Saved entries
******

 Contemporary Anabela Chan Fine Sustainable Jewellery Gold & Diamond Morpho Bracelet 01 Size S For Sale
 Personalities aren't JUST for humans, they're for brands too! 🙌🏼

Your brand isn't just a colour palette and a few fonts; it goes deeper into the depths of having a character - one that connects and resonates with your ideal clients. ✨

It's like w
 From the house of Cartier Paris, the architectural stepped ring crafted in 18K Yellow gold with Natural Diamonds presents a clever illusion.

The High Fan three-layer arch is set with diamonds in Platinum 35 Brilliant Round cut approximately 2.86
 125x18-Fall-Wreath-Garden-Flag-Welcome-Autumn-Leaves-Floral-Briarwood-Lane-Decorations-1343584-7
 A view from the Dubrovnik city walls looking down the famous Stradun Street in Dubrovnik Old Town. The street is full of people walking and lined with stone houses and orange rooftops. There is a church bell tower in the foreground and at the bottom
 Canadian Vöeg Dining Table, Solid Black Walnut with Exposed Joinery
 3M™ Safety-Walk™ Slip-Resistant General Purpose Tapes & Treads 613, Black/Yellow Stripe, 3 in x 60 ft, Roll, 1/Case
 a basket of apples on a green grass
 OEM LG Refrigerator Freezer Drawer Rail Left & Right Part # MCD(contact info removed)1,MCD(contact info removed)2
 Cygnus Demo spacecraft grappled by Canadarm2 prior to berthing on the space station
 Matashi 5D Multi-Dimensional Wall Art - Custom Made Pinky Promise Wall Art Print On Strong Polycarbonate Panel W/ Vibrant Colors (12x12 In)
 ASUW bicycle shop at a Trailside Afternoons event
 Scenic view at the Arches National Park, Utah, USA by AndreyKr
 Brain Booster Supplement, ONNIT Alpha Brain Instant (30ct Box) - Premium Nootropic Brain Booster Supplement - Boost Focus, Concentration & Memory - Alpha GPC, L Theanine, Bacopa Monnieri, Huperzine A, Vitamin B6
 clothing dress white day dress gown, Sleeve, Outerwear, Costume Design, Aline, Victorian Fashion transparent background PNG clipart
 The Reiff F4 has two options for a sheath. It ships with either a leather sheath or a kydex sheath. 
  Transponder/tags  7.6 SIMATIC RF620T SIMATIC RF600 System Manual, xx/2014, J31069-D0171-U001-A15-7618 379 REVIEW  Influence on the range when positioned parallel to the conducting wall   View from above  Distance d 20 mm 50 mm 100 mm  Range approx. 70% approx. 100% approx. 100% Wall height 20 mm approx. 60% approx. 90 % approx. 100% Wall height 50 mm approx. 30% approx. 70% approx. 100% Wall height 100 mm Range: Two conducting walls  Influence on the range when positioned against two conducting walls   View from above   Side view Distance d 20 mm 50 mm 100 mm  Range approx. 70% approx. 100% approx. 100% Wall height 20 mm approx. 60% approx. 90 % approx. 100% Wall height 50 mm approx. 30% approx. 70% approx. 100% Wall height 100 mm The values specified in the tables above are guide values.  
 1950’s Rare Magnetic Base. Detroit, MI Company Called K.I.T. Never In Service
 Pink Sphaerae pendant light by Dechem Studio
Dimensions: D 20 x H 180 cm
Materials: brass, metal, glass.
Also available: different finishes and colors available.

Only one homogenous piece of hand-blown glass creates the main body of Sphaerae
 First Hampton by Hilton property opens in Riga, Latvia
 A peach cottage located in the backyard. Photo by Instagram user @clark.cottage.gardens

******

## Directions
Would you count the lines in the data that include the word "Yellow" and reply with only the number?

## Result below
2